The good: You have a lot of control over your server configuration, and it’s very, very easy to ramp up or down server resources to deal with changing load conditions. It’s a single price for the entire service, so no multiple billing (which can be rather annoying). Configuration and setup are ridiculously easy; you just go on the Amazon Marketplace, make a few selections, and the server spins up, complete with FileMaker Server, ready to host your databases. Backups are automatic, and very fast, since they’ve utilized Amazon’s snapshot backup system. It utilizes FileMaker 15’s functionality to require a password for all accounts having [Full Access] privileges.

The bad: As a first release, FileMaker Cloud is lacking in some features, some of which I consider to be pretty important. You can’t configure your server in a two-machine deployment. Not a huge deal, since you have so much control over server resources, but does mean leaving your web server and databases on the same virtual box (not a preferred configuration for security purposes). You can’t control your backup schedules; you get an every-20-minute backup. Again, not terrible, although it is nicer to control your backup timing. You are require to use encryption at rest in order to upload a database. While this is a prudent security measure for a lot of users, it’s overkill in some deployments.

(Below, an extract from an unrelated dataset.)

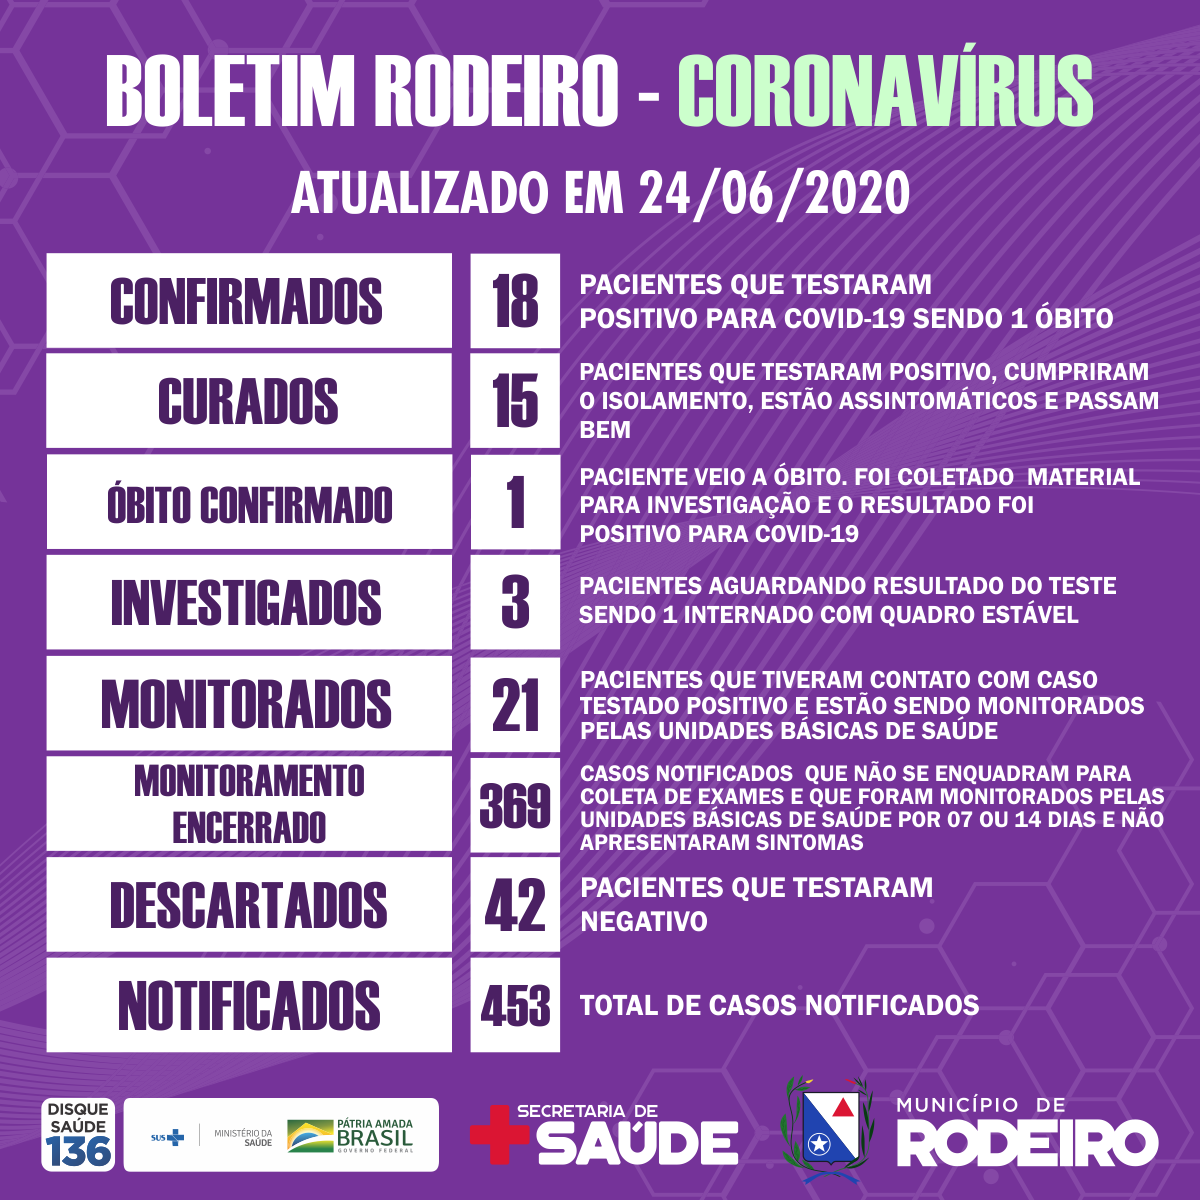 Boletim epidemiológico do Município de Rodeiro coronavírus, atualizado em 24/06/2020
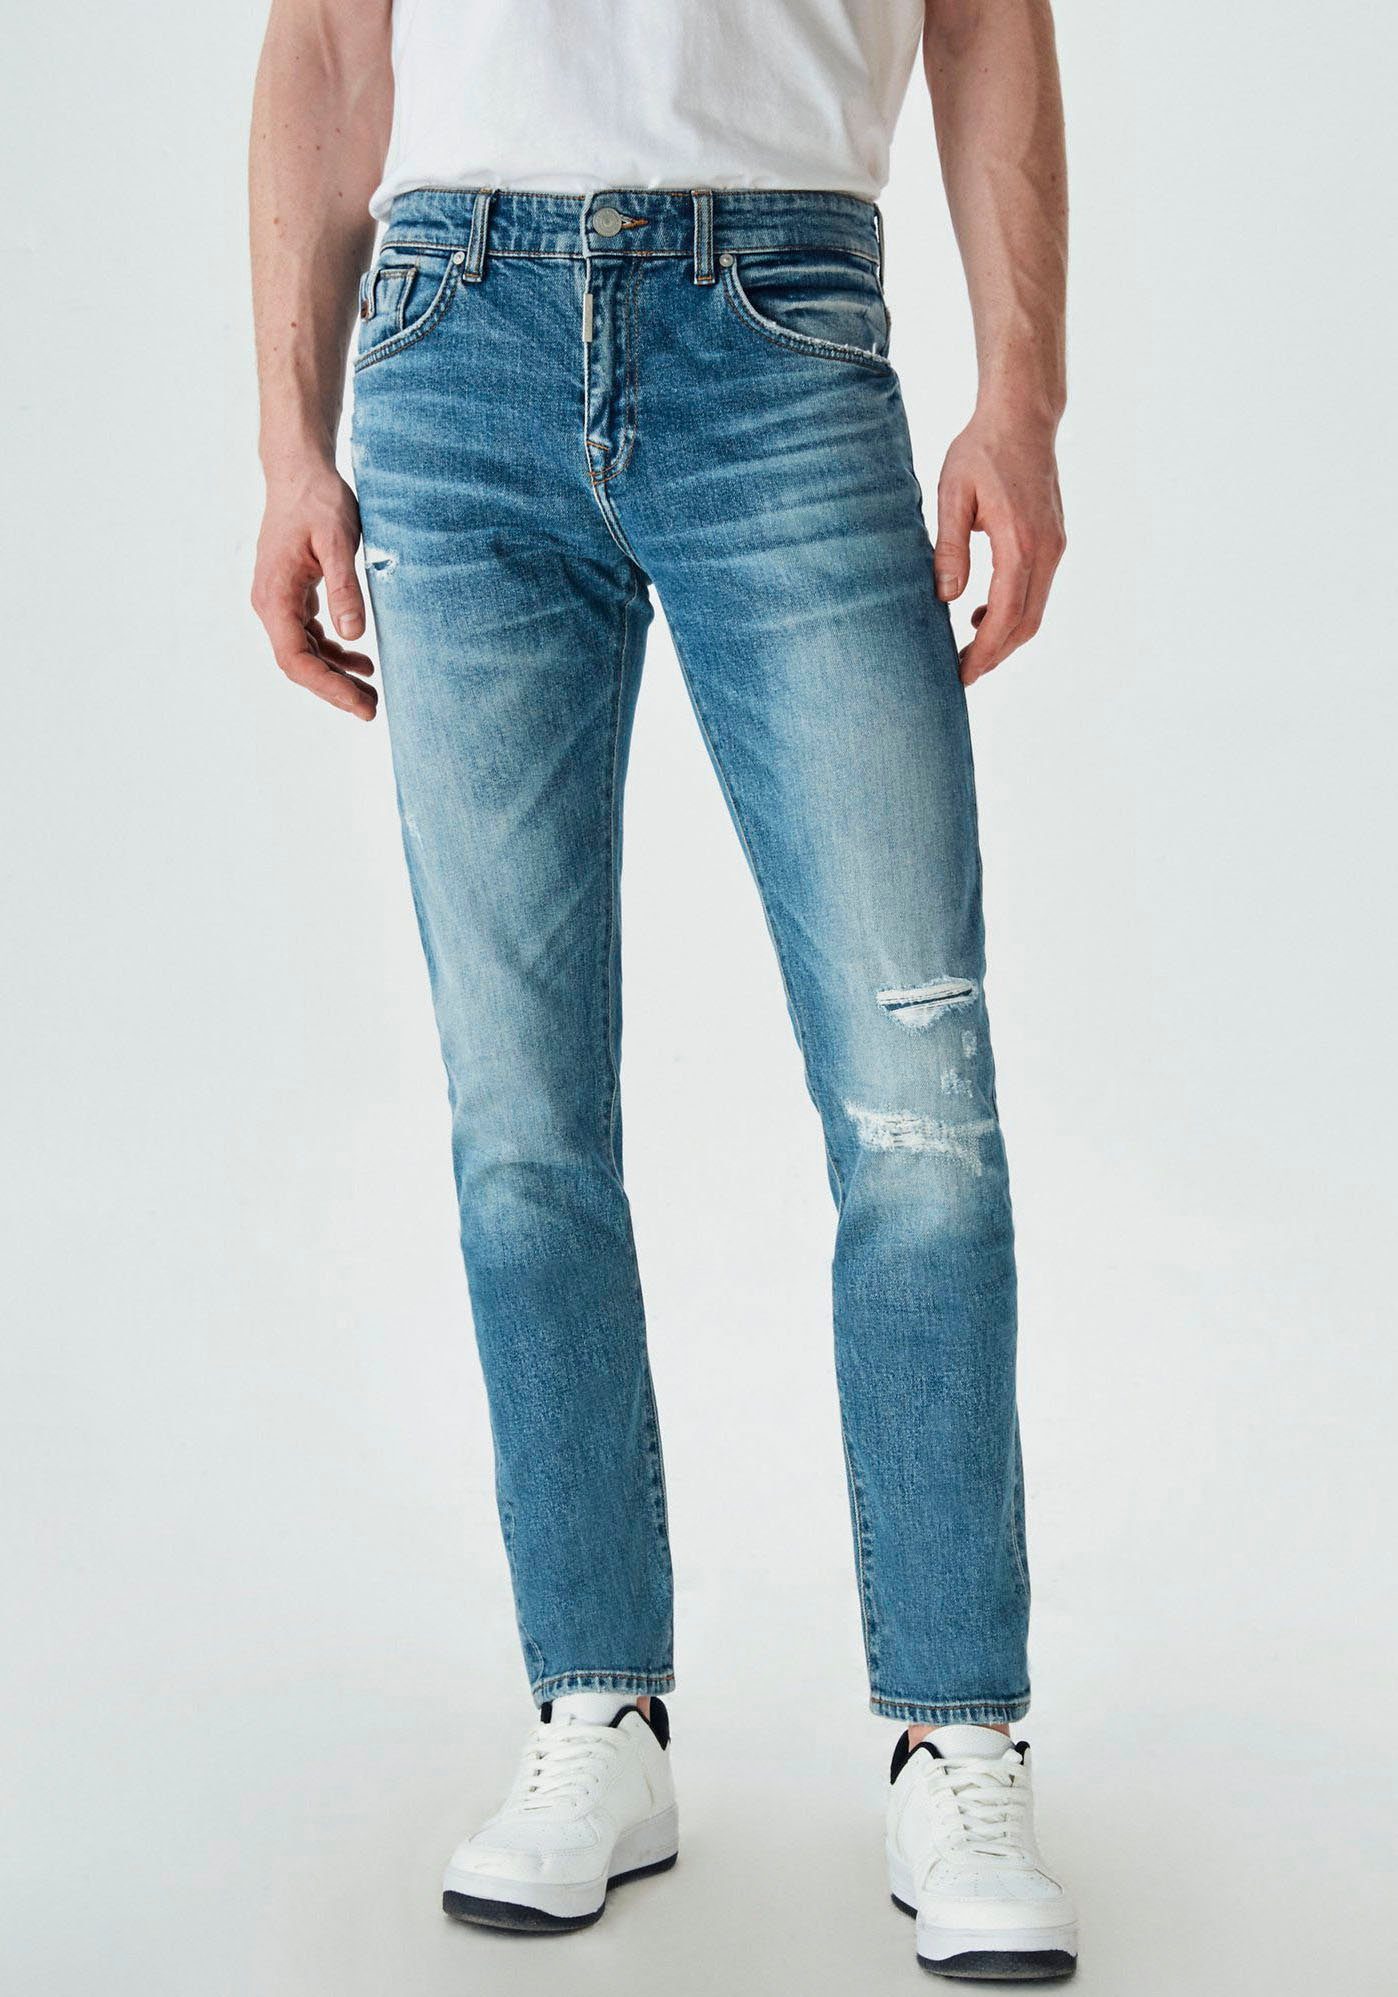 dun Bestuiver Boomgaard LTB Slim-fit-Jeans JOSHUA online kaufen | OTTO

The ugly: You can’t restore individual database files from backup. You have to take the whole tamale, which can be a time killer if you have lots of databases. You can’t set server-side scripts – which in my mind is huge. True, you can somewhat get around it by using Perform Script on Server, but this is an important feature in a lot of deployments. There’s no support for file list filtering – where users have to authenticate when connecting via Open Remote and the server only shows databases the user has access to. That means you can’t keep other users from being able to see what databases are being hosted on your server. And, probably ugliest of all, there’s no support for external authentication. We can work around it, but it will really hurt the product in corporate IT circles.

Soliant Consulting has a good summary page on their website here. I agree with the overall assessment: basically, FileMaker has made a lot of the decisions about server configuration for you, and you can’t change them. If you need quick startup of a FileMaker Server and can tolerate losing some of the control you have with a standard FileMaker Server installation, then FileMaker Cloud might be a good solution for you. Otherwise, I’d have to recommend using either one of the other commercial hosting services (including those based on BYOL – bring your own license), start up a separate Amazon server instance and install Server on your own, or use your own on-premises server.

Still and all, it’s encouraging to see the FileMaker platform continuing to expand. FileMaker Cloud is a good addition to the platform, and who knows? Version 2.0 might cover its weaknesses. An initial rollout often has limitations, and FileMaker, Inc., has shown a great commitment towards continually improving their offerings.